Structure of Proteins
Proteins:
Proteins are large biological molecules consisting of one or more chains of amino acids.
Amino Acids:
Amino acids are biologically important organic compounds made from amine (-NH2) and carboxylic acid (-COOH) functional groups, along with a side-chain specific to each amino acid.
Structure of Proteins:
- A protein function depends upon on its specific conformation.
- The primary structure of a protein is determined by the gene corresponding to the protein.

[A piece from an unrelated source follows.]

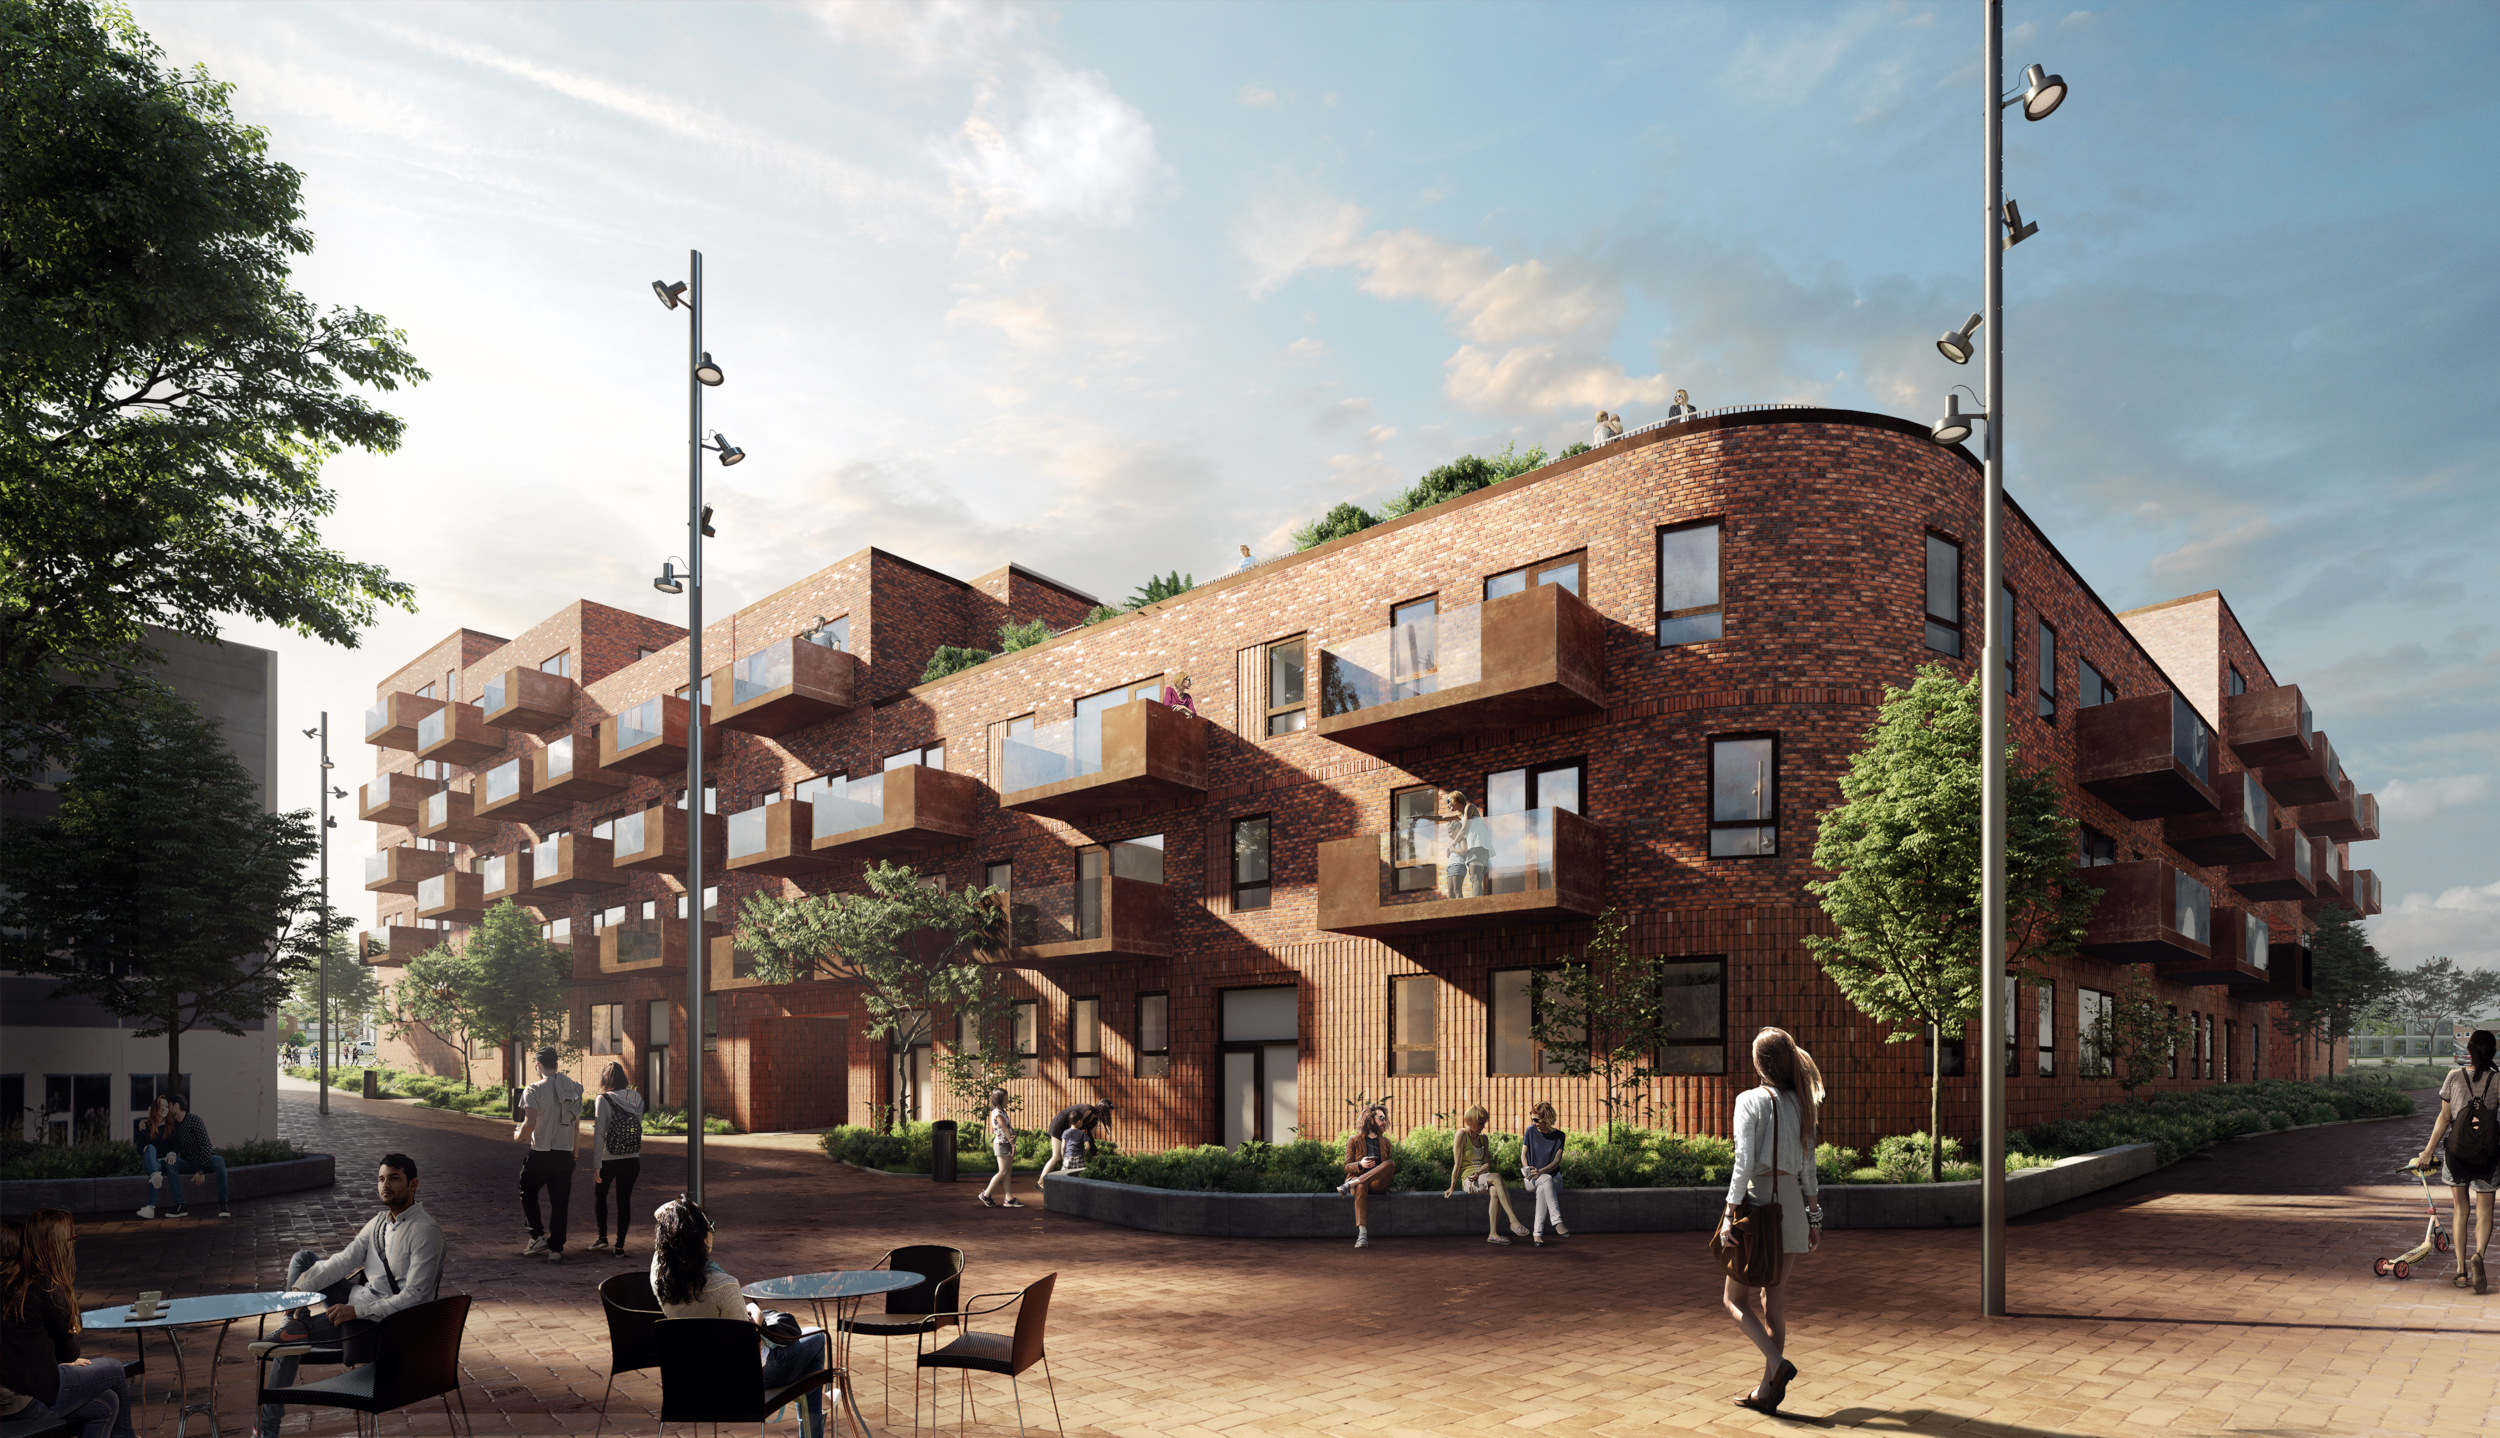 127 boliger vej i Hillerød - Building Supply DK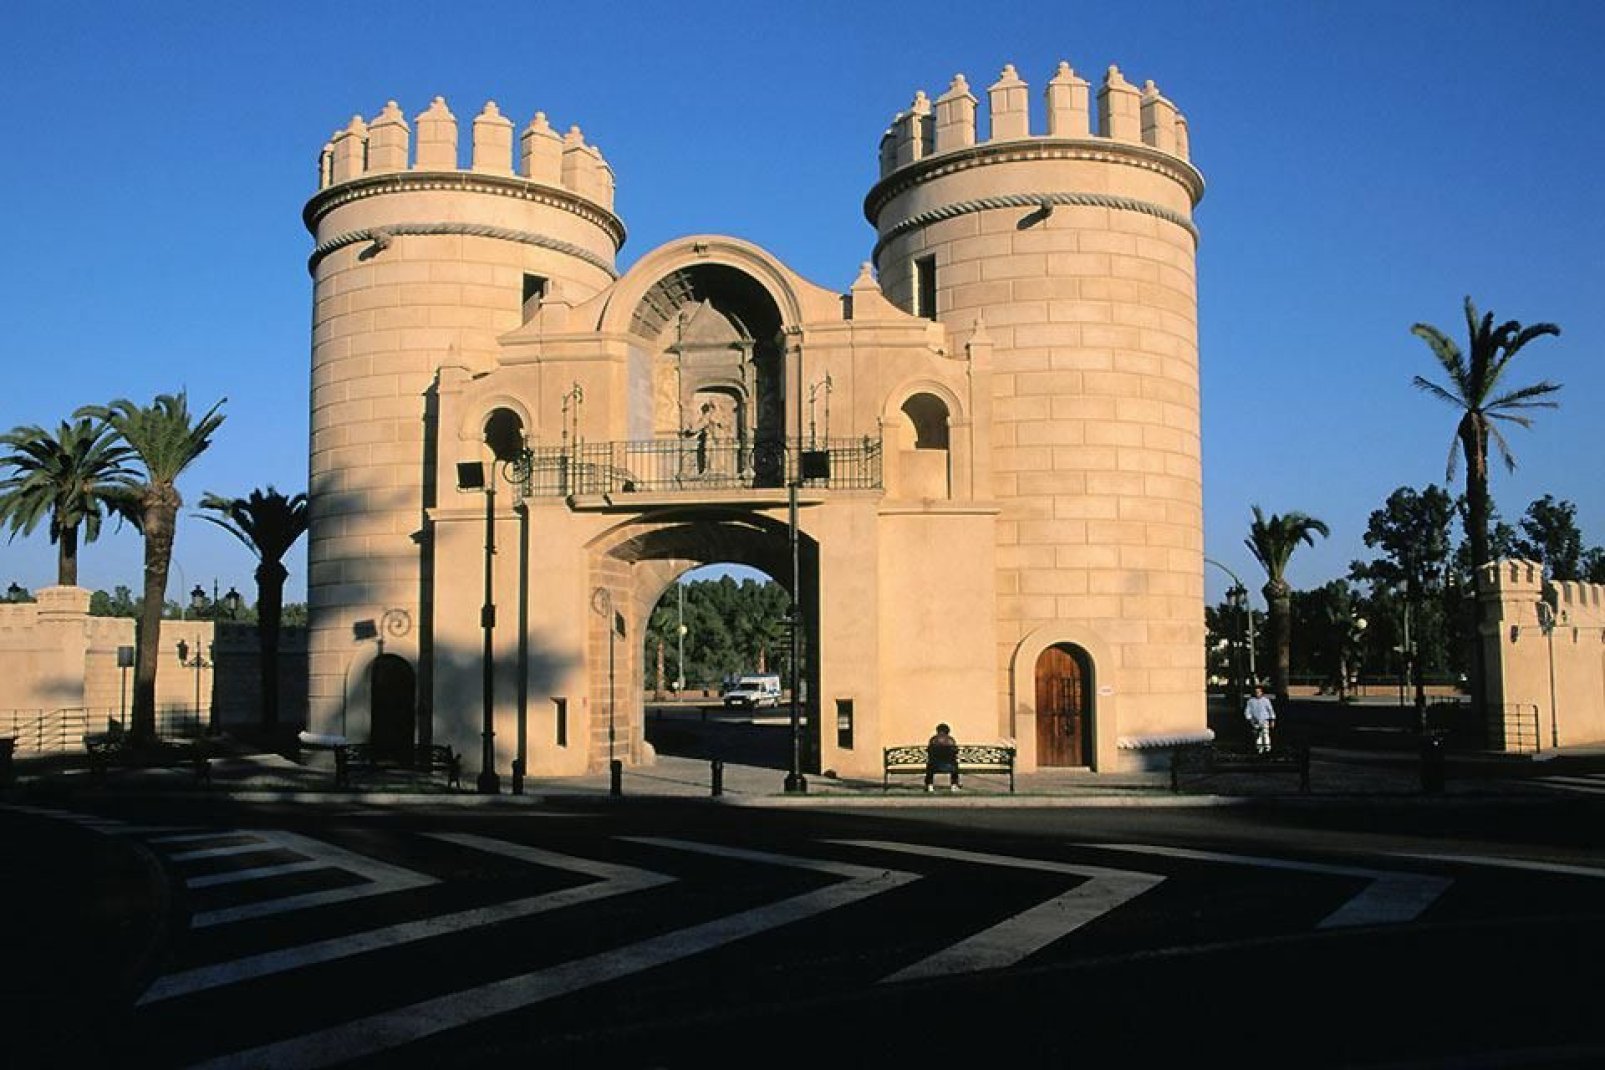 L'Alcazar, monument datant du XVème siècle, domine la ville de Zafra, surnommée "la Petite Séville".

In molecular biology, protein structure describes the various levels of organization of protein molecules, which includes:-
• Primary structure
- Secondary structure
- Tertiary structure
- Quaternary structure
Primary Structure
- The primary structure of proteins is the unique sequence of amino acids.
Secondary Structure
- The secondary structure of protein results from hydrogen bond at regular intervals along the polypeptide backbone.
- The typical shapes that develop from the secondary structure are:-
- An Alpha Helix (Coil)
- Beta Pleated Sheet (Fold)
Tertiary Structure
- Tertiary structure refers to a three-dimensional structure of a single protein molecule.
- The tertiary structure of protein results from varieties of attraction between the R groups or between the R group and the polypeptide backbone.
- The interactions includes
- Hydrogen Bonds (among polar areas)
- Ionic Bonds (among charged R – group)
- Hydrophobic interactions (among hydrophobic R-group)
- Van Der Waals Interactions (among hydrophobic R-group)
- Disulfide bridges (Strong covalent bond that forms between sulfhydryl groups (SH) of cysteine monomers, stabilize the structure)
Quaternary Structure
- Quaternary structure results from the aggregation of two or more polypeptide subunits.
- The quaternary structure is stabilized by the same non-covalent interactions and disulfide bonds as the tertiary structure.
Examples:
Hemoglobin
- The protein hemoglobin is made up (primarily) of 4 polypeptides.
- Typically, when a protein is made up of multiple polypeptides, each polypeptide is simply called a protein subunit.
- However, in the case of hemoglobin, the subunits are each called globin.
- The 4 globins are of two types. 2 of them with identical amino acid sequences (primary structure) are called alphaglobins (a-globins), while the other 2 also have identical amino acid sequences and are called beta-globins (b-globins).
- Every hemoglobin molecule contains 2 a-globins and 2 b-globins.
- Each of the globins is folded into a secondary and tertiary structure.
- Then, all four are put together into the hemoglobin molecule's quaternary structure.
Insulin
- Insulin is composed of two peptide chains referred to as the A chain and B chain.
- A and B chains are linked together by two disulfide bonds, and an additional disulfide is formed within the A chain.
- In most species, the A chain consists of 21 amino acids and the B chain of 30 amino acids.
- It is a dimer of an A-chain and a B-chain, which are linked together by disulfide bonds.
Albumin
- The general structure of albumin is characterized by several long α (alpha) helices, this allows it to maintain a relatively static shape, something essential for regulating blood pressure.
- Serum albumin contains eleven distinct binding domains for hydrophobic compounds. One hemin and six long-chain fatty acids can bind to serum albumin at the same time.
Myoglobin (Does not Possess Quaternary Structure)
- Myoglobin consists of a single protein chain with 153 amino acids and one heme group that stores oxygen in the muscle cells.
- Myoglobin has a stronger affinity for oxygen than hemoglobin, which enables the oxygen to shift from one to the other.
Globulin
- It has helices and strands, 13 and 19 respectively.
- The major beta-sheets of globulin are named the A-sheet and the B-sheet.
- The 13 helices are each lettered beginning with letter A.
- The molecule has five cysteine residues but has no disulfide bonds; so sulfur so is not responsible for holding together globulin structure.